Politics & Government

Warner Robins faces lawsuit from former Public Works Director Joe Musselwhite

Joe Musselwhite
Joe Musselwhite

A former Warner Robins public works director is suing the city for what he says were slanderous and defamatory statements made about him in a public meeting earlier this year.

Joe Musselwhite, the city's public works director from 1994 until 2013, filed the suit Thursday following a demand letter sent to the city in July in which Musselwhite sought $100,000 in damages.

The allegations stem from a June 1 council meeting at which local resident Louise McBride read aloud an anonymous letter that "alleged that racism was rampant in the city's public works department under the previous public works director's tenure," according to the lawsuit.

Mayor Randy Toms and City Council members Tim Thomas and Carolyn Robbins are specifically named in the suit, accused of making "reckless and malicious" statements. Thomas also is being sued personally.

Attempts to reach Toms and McBride on Tuesday afternoon were unsuccessful. Robbins, Thomas and Musselwhite declined comment.

The city, McBride, as well as Councilmen Chuck Shaheen, Keith Lauritsen, Clifford Holmes and Mike Davis also are listed as defendants in the suit.

City Attorney Jim Elliott said the city responded with a refusal to the demand letter sent by Musselwhite's attorney in July.

"This was the obvious next step for them," Elliott said Tuesday evening. "We've forwarded (the lawsuit) to our insurer ... (which will) provide defense for the city and all the city officials named."

The lawsuit alleges that the dissemination of the anonymous letter as well as the reading by McBride were planned and orchestrated by Thomas, who was elected to office in 2013.

The suit says Musselwhite hired Thomas' brother, Bobby Thomas, and then demoted him in 2011. Musselwhite alleges Thomas orchestrated the reading of the letter in apparent retaliation for the demotion of his brother, according to the suit.

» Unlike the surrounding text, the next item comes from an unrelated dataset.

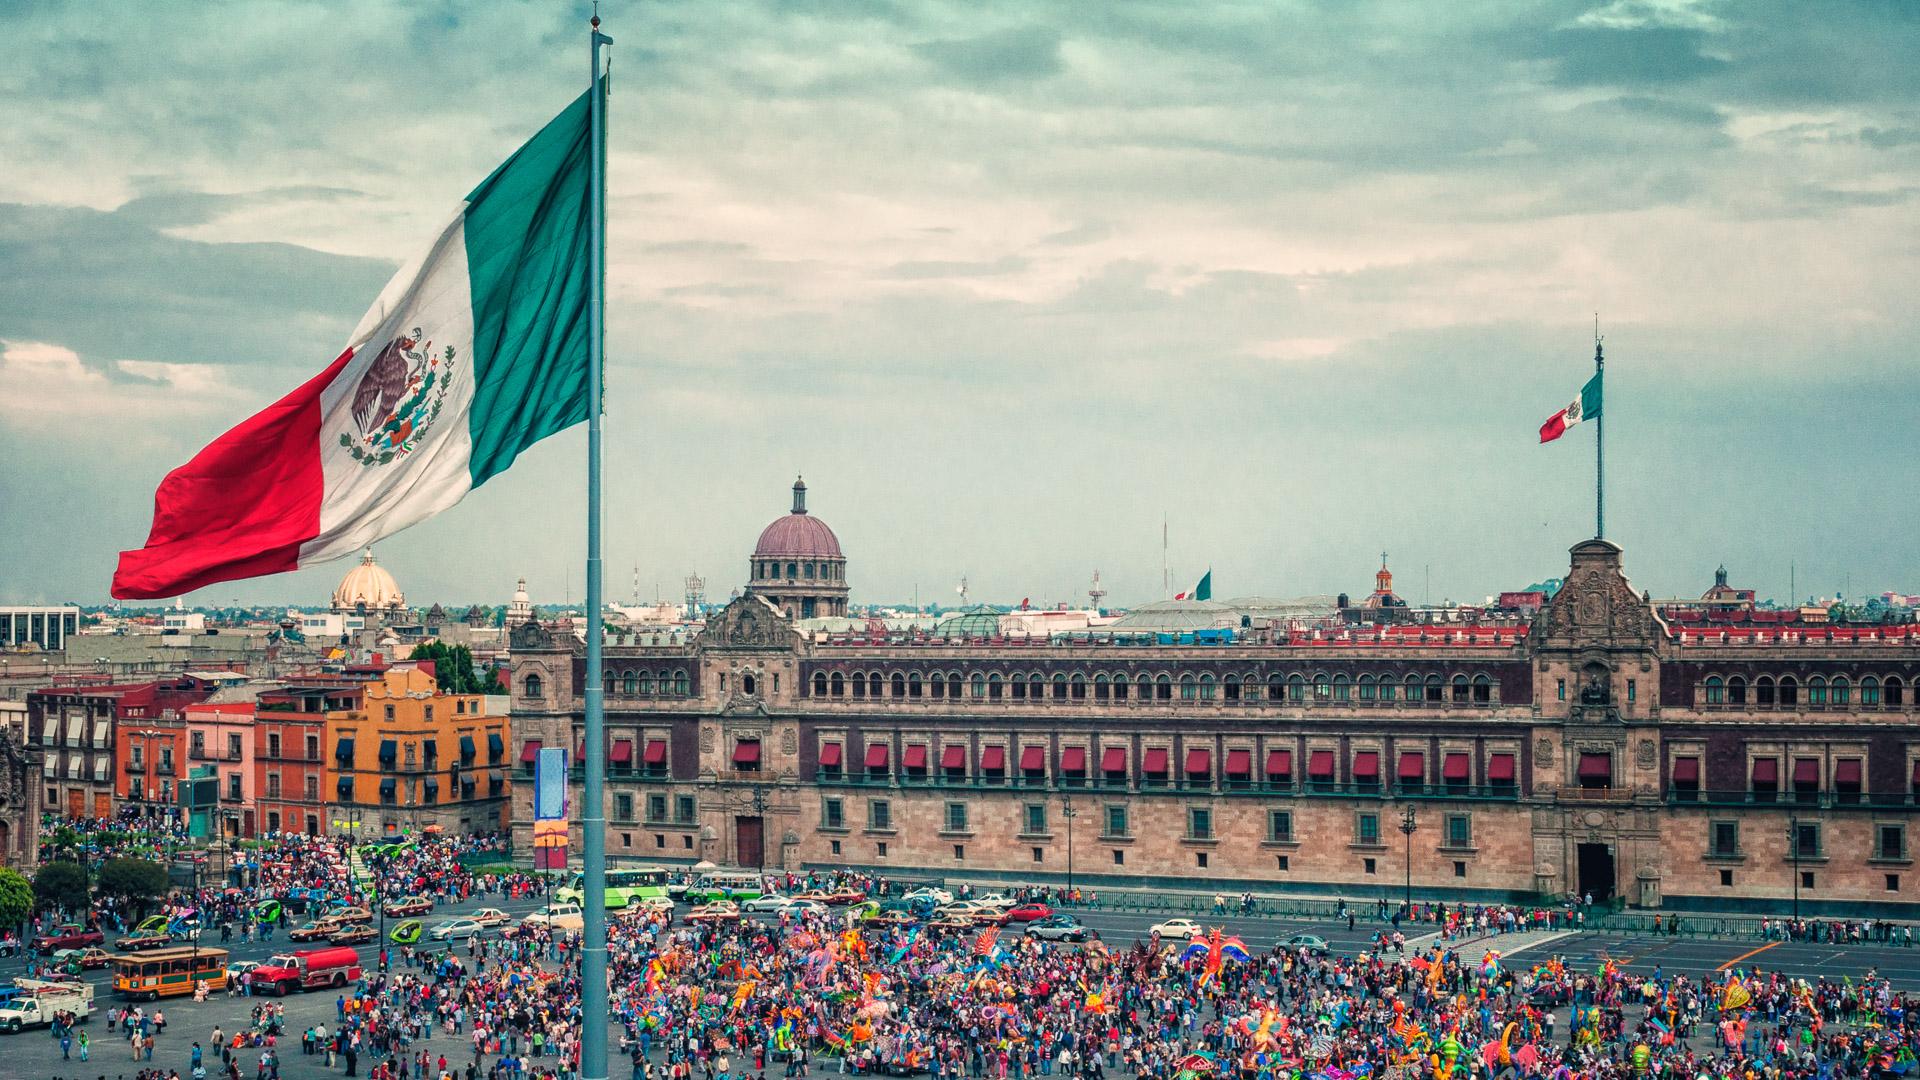 Principal Square with Flag in Mexico City.

The suit claims that during the June 1 meeting, Thomas said he had investigated the alleged racism in the department and "it was confirmed ... there is no rumor to this ... this happened a year and a half ago, it is not false," according to the lawsuit.

The suit contends Robbins said, "I'm assuming that it did happen, because Mr. Thomas said it did."

As for Toms, the lawsuit alleges he said, "This is not going on now, anonymous can come talk to me."

The suit claims a proper investigation was not conducted into the allegations and that elected officials should have "at the very least, refrained from public comments about any alleged racism," according to the lawsuit.

The City Council typically discusses personnel issues in a closed-door session to protect the privacy, rights and reputations of its employees, the suit said, and Musselwhite should have been afforded the same right.

Stan Martin, Musselwhite's attorney, said Musselwhite is seeking justice for himself.

"To me, the city really needs to make a retraction and say that 'Mr. Musselwhite was not a racist and he didn't run a racist department. There's no evidence of that, and we apologize for the comments that were made,'" Martin said.

"They've had an opportunity to do that (but) they haven't done it," Martin said, "so they didn't really leave us any choice except to try to clear his name."